In a study as large as COSMOS, there are often one or more participants with the same name. In addition to name and study ID number, dates of birth serve as unique identifiers.
Why do you ask for the name and number of a contact person?
In a long-term study such as COSMOS, we occasionally lose touch with study participants when they move or have other changes in their status. We may write or call a contact person to ask for the participant’s current address or phone number only if we cannot reach him or her after multiple attempts.
Do participants learn what study pills they received during the trial?
Yes, after pill taking ended, we informed participants through postal mail about which study agents they were assigned to take during the trial.
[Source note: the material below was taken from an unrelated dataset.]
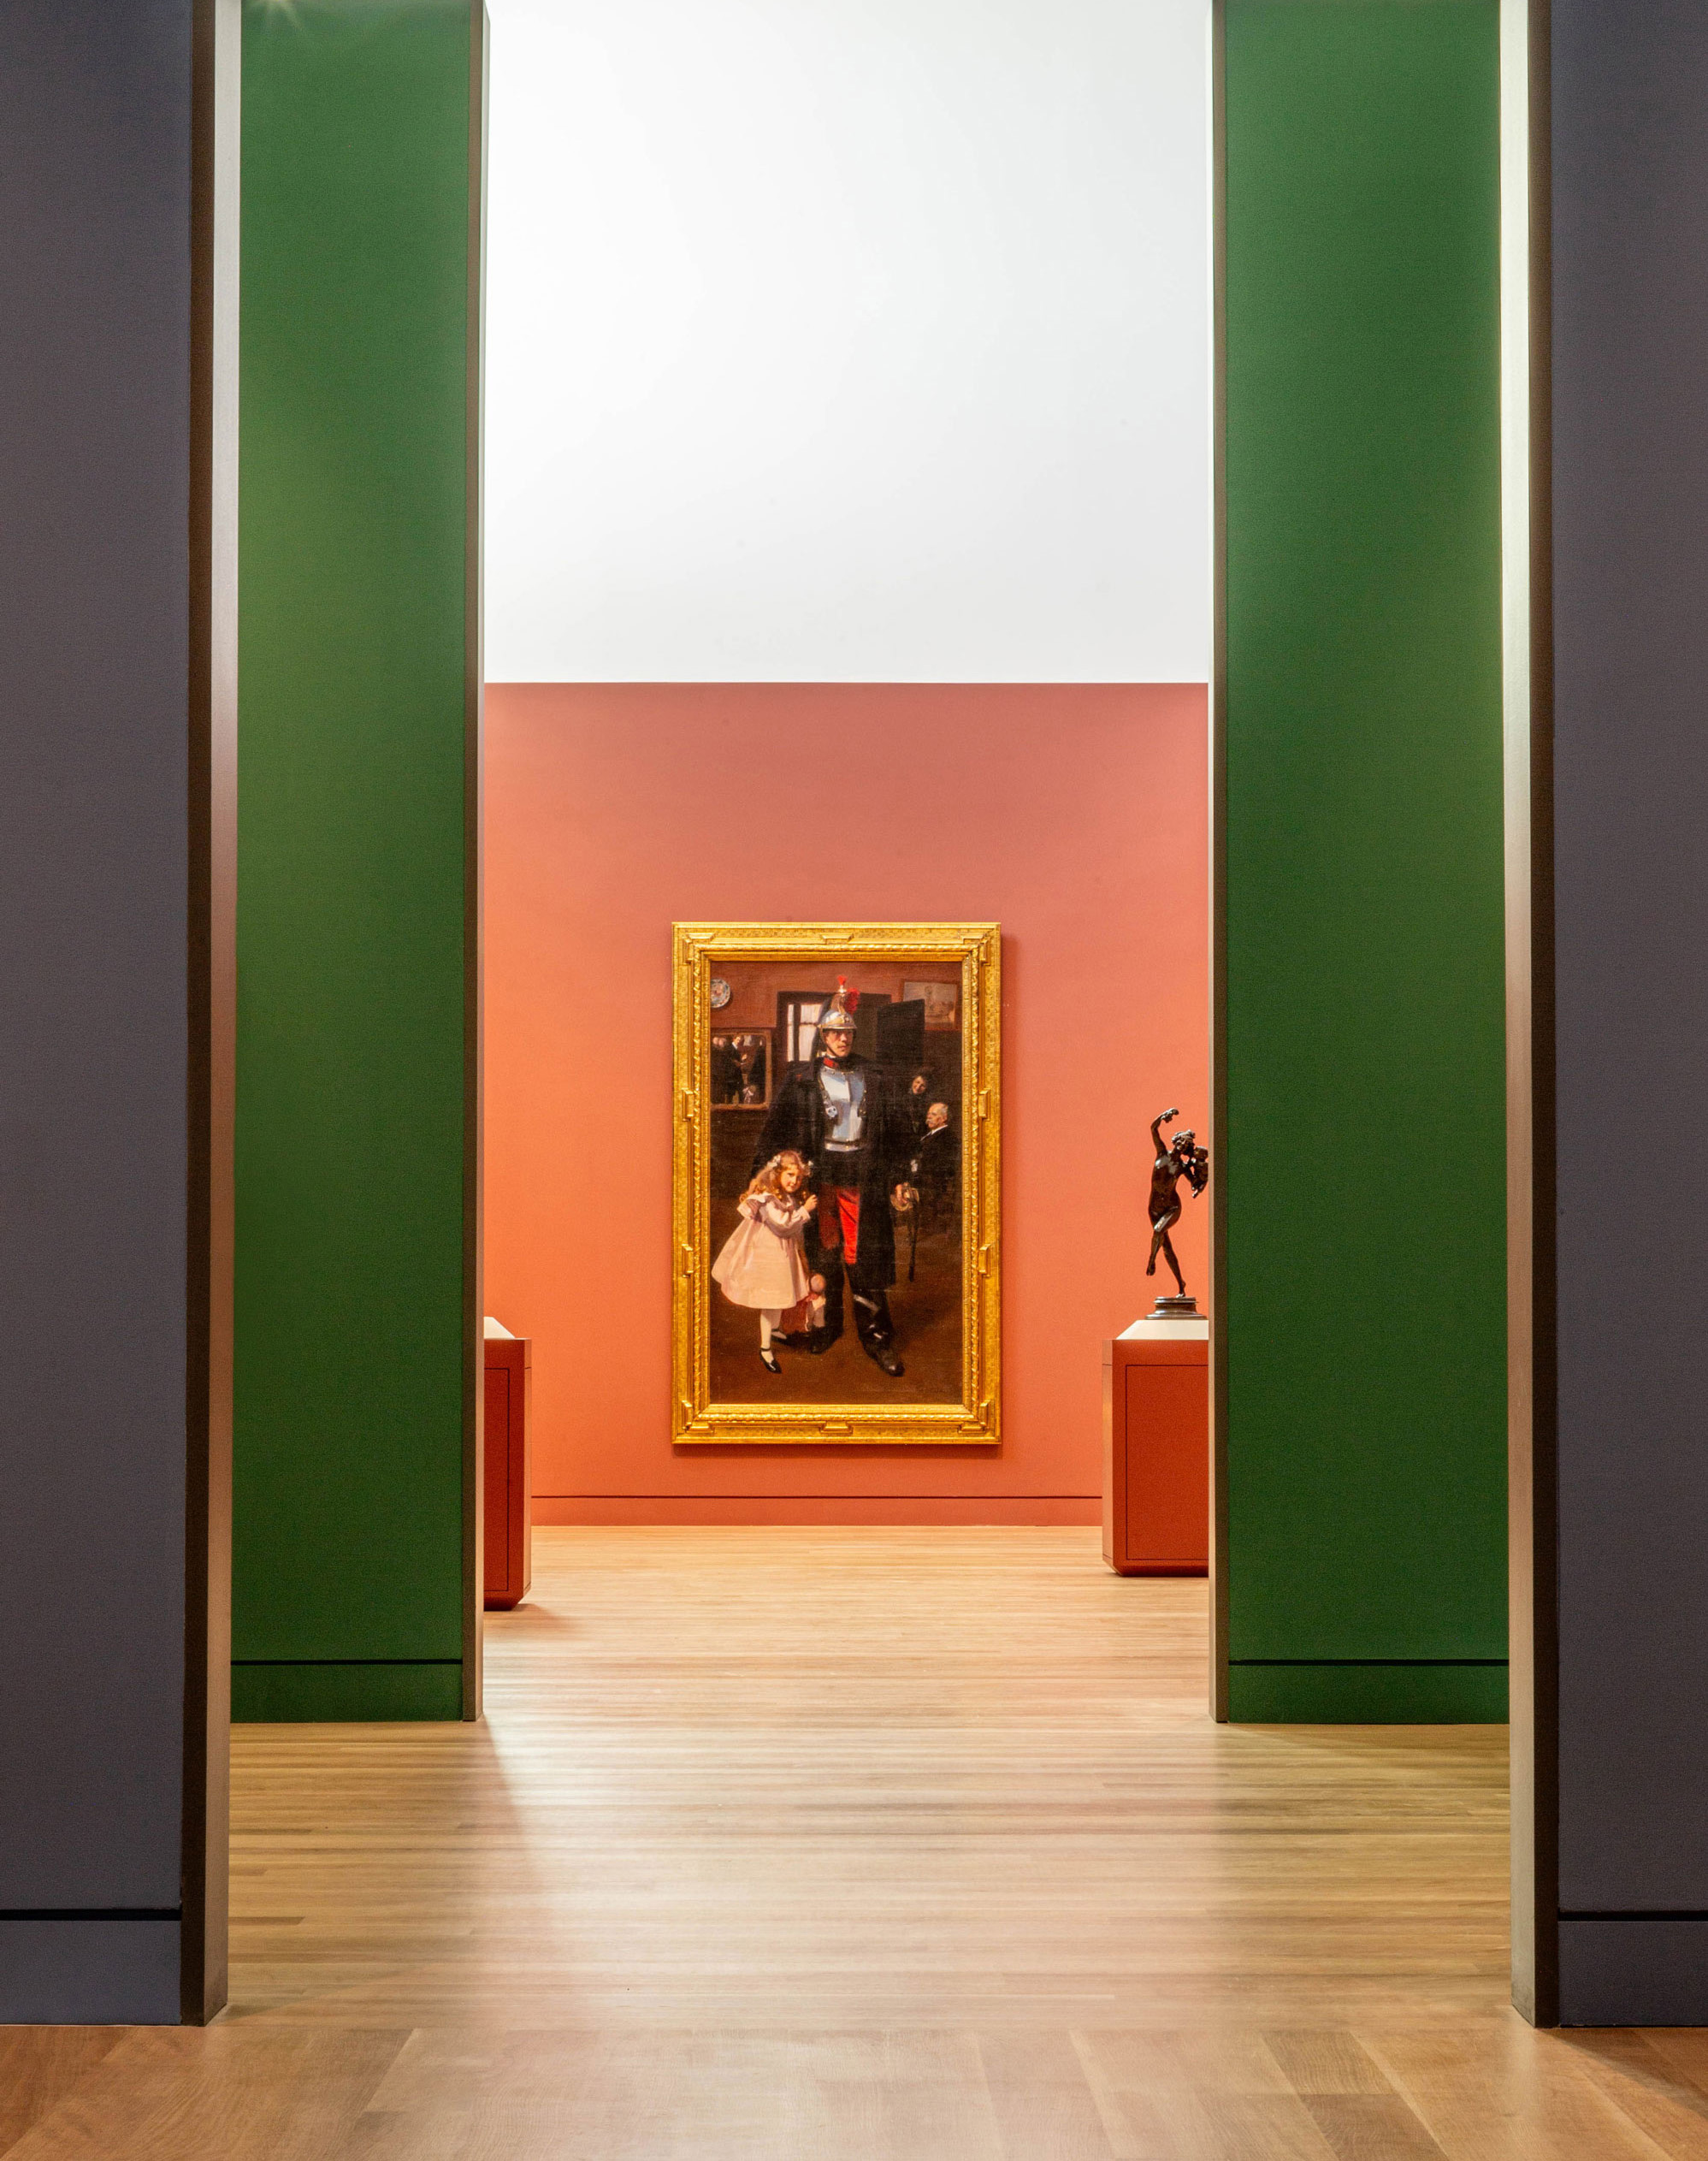 interior of Palmer framed by doorway between rooms and one large painting on the wall, photo by Nick Sloff '92 A&A
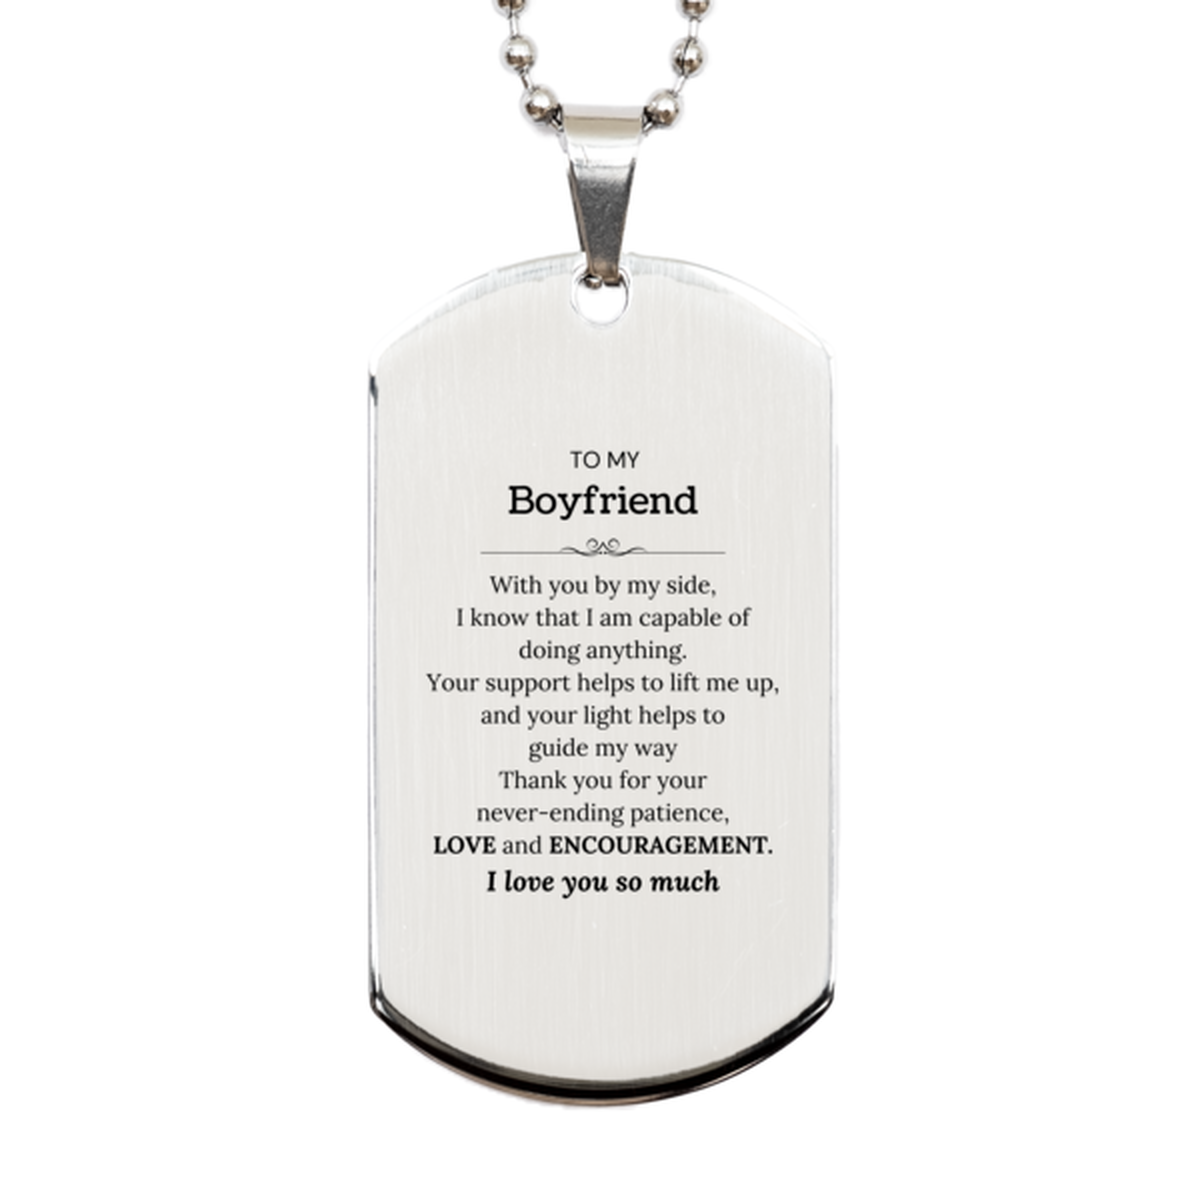 Appreciation Boyfriend Silver Dog Tag Gifts, To My Boyfriend Birthday Christmas Wedding Keepsake Gifts for Boyfriend With you by my side, I know that I am capable of doing anything. I love you so much

Participants may contact us at 1-800-633-6913 if they did not receive the letter with their study pill group assignment or if they have questions.
I am aware that all dietary supplements, including cocoa extract and multivitamins, have possible benefits and possible risks. Were the COSMOS data monitored to be sure that participants were not experiencing undue risks from participating in the study?
Cocoa extract and multivitamins, in the amounts that COSMOS tested, are among the safest of dietary supplements. Participant safety has always been a high priority for the COSMOS investigators. Indeed, in clinical trials, keeping a close eye on all health outcome data to check for safety concerns is required by the National Institutes of Health. All health outcome data collected in COSMOS were carefully reviewed each year by a panel of outside medical and statistical experts who were not affiliated with the study. This panel is called the Data and Safety Monitoring Board. If an unacceptably high risk or strong benefit for the cocoa extract supplement or the multivitamin had been found, that part of the trial would have been stopped and participants would have been notified.